The team at this airport retailer has created a cohesive, supportive culture along with creative approaches to a challenging business. The airport retail business is, in many ways, an entirely different animal from retail in a mall or downtown area. Although the stores have a prime location with a large, almost hostage population that mostly falls in a very positive demographic for shopping, these people didn’t come to the airport to shop, turning every purchase into an impulse buy. But Susan Stackhouse and her team at Stellar Partners, Inc. thrive in this environment.

Stackhouse has been working in airport retail for 30 years; after working for a retail clothing chain in Florida, she joined Bonanni Exports, a group of companies operating duty-free stores and ship chandleries. The owner announced his retirement in 1986, and Stackhouse purchased the company with a partner she later bought out, transforming it into a full-blown airport retail organization. 

Stellar Partners operates news and gifts shops as well as duty-free stores, but its hallmark is its more creative concepts. The company developed a children’s toy and gift concept called Mindworks, is the exclusive airport operator of Ron Jon Surf Shops, and is currently launching a pet specialty store called Dog-E-Works.

“When people come to the airport, they are focused on catching their flights, not shopping,” Stackhouse explained. “Our bread and butter will always be newsstands, which are an easy sell for harried travelers, but through a fiscally conservative strategy, we’ve been able to launch some of the most successful specialty stores in the business.”
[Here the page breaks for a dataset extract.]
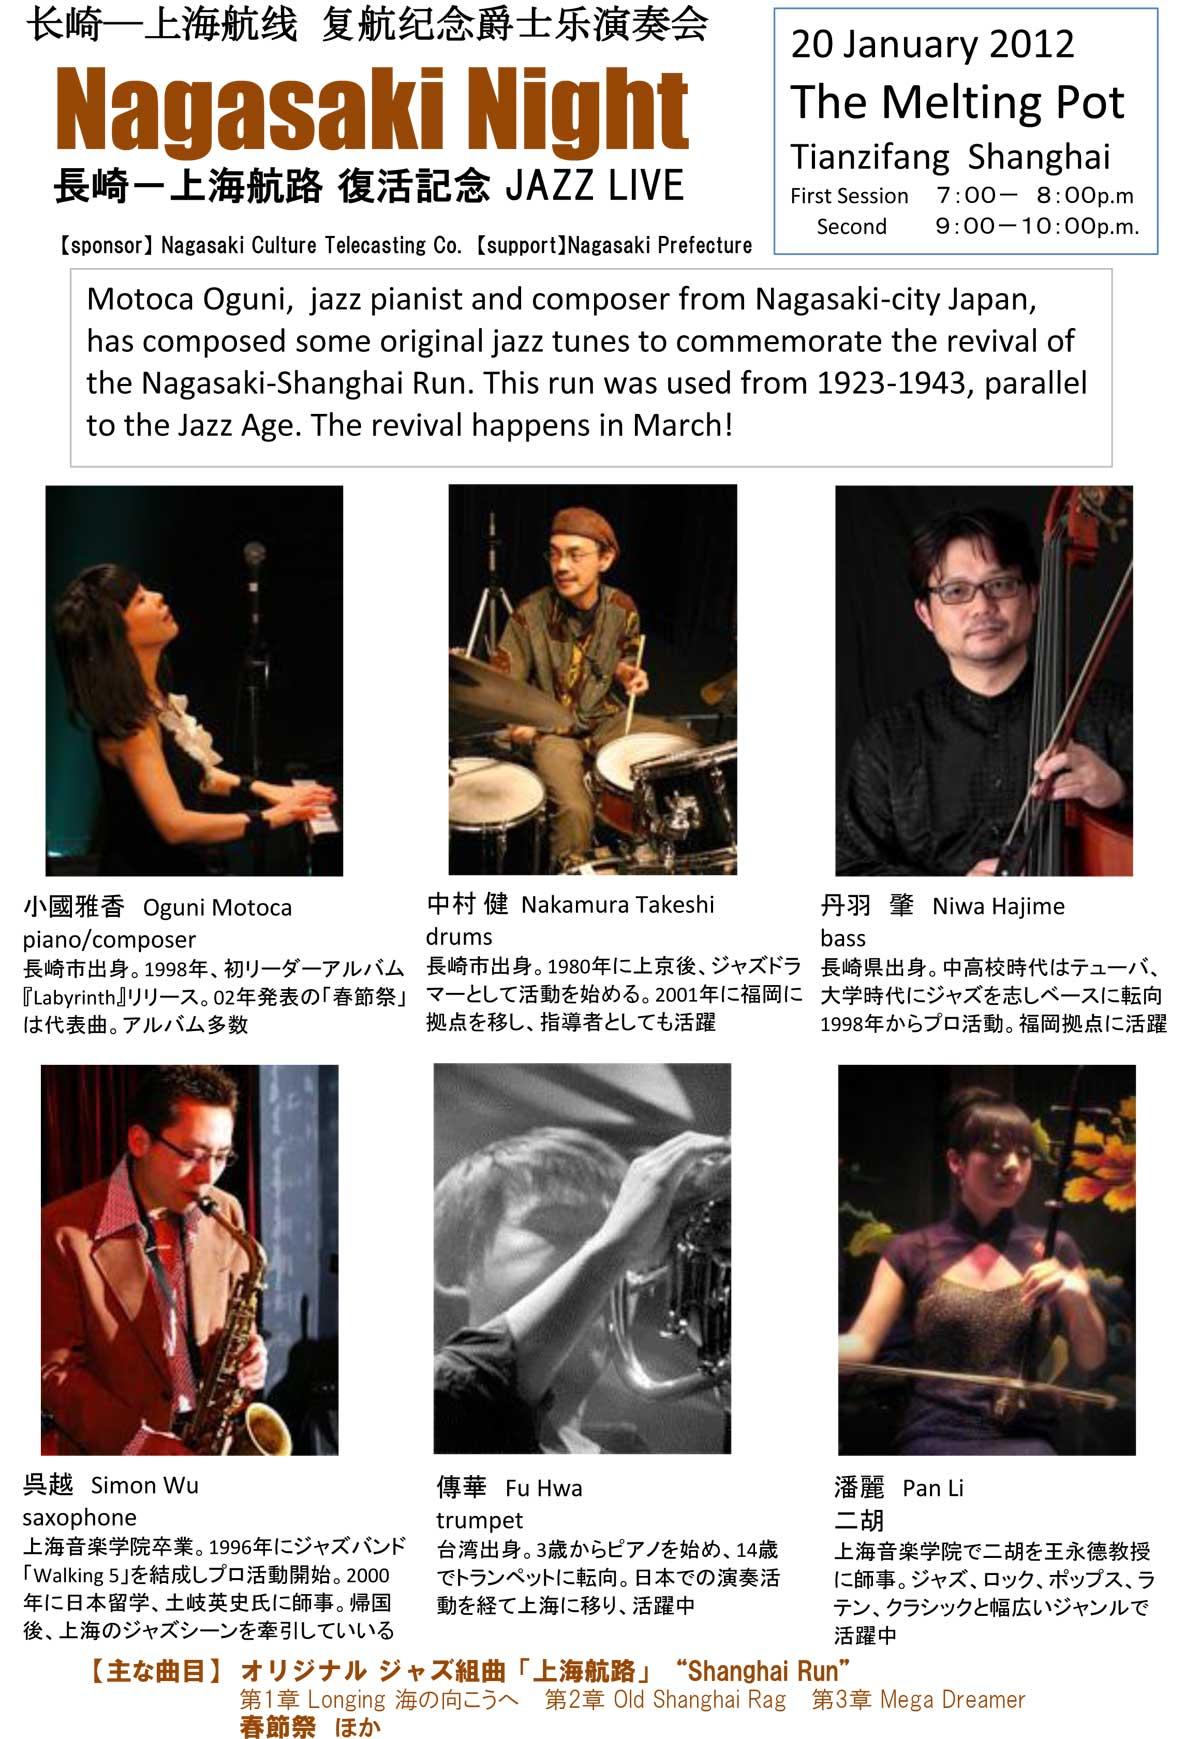 上海航路復活記念ライブのお知らせ_d0052485_2257555.jpg

Mindworks came from a one-time partnership between Stellar Partners and FAO Schwartz during its major expansion phase in the 1990s. FAO was frustrated at the slow, rigid expansion process in airports (winning space requires a drawn-out bidding processes, and leases are usually five years or longer), but Stellar Partners saw how a specialty children’s gift store met an untapped market.

“The only merchandise for kids were the stuffed animals and cheap trinkets in the newsstands. Parents traveling with kids want something to keep them occupied, and traveling relatives want a place to stop in and find a gift,” explained Stackhouse.

So the company launched the concept at its home base of Tampa , and there are now nine locations across the country. Although Mindworks, like all specialty airport retailers, was hit hard by the recession, it’s rebounding with double-digit growth far outpacing the increase of airport traffic. “When the worst of a downturn passes,” Stackhouse said, “children are often the first beneficiaries of increased discretionary income.”

The next trend Stellar Partners will be tapping is the pet product industry. “The statistics on how much people are willing to spend on their pets is mind-boggling,” Stackhouse said. The company has one location open in Orlando and hopes to open one in Tampa this year.

In total, Stellar Partners will be adding five new stores in 2010. With the four it opened last year, that brings the company’s national footprint up to 40 locations in 12 airports.

No secret to success

Stackhouse said there are two crucial but simple reasons for Stellar Partners’ success over the years and in this slow economy. The first is the company’s highly conservative financial strategy: it has no debt. That was a lesson Stackhouse said she learned from her first job in clothing retail. The company she worked for grew too rapidly, was almost completely leveraged when the economy shifted, and suffered a long, slow death as a result.

“As we generate more capital, we reinvest in our business,” Stackhouse said. “Our reluctance to take on debt has meant we’ve missed some opportunities, but in hindsight, it was the right thing to do. Unfortunately, some of our competitors have gone under because they couldn’t survive the credit crunch.”

And Stackhouse has been through more than one downturn herself. She said 9/11 was a real wake up call: airports were closed for four days, and no one knew when they’d be able to open again. But Stellar had the reserves in place to get through the worst of that. She’s also seen airlines go out of business, another unique hazard of airport retail. It doesn’t matter how the economy is doing when there are no travelers in the terminal where you’re located.

The second reason for Stellar Partners’ success is its culture. Stackhouse said she has worked with the company’s controller for more than 25 years, and many of the company’s employees have been there for 15 years or more. That generates a great deal of cohesiveness, along with a great amount of pride in each person’s work and the success of the company, Stackhouse noted.

Another unique aspect of the company’s culture is that Stackhouse, a woman, is the majority owner. Few retailers can say that, and Stackhouse was also the only woman ever elected to the board of directors of a publicly held duty-free company. 

“I started in this business in the early 1980s when the opportunities for women were very different, but there were a number of great people who mentored me along the way, so finding talented young people, especially women and minorities who might not have much exposure to business, and giving them an opportunity to succeed has become an important goal of mine,” she said.

Stellar Partners hires a few promising high-school students, with demonstrated financial need and academic achievement, every year to work at its corporate offices, giving them experience and a background in business. One young woman who started at the company as a junior is just about to graduate college; Stackhouse said the company works hard to accommodate class schedules and give these students a leg up in the business world.

“One great thing about working at Stellar Partners is we never let our success go to our heads; we always remember where we’ve come from and the challenges we’ve faced,” she said. “That keeps us humble and honest, but also eager for the challenges that lie ahead.”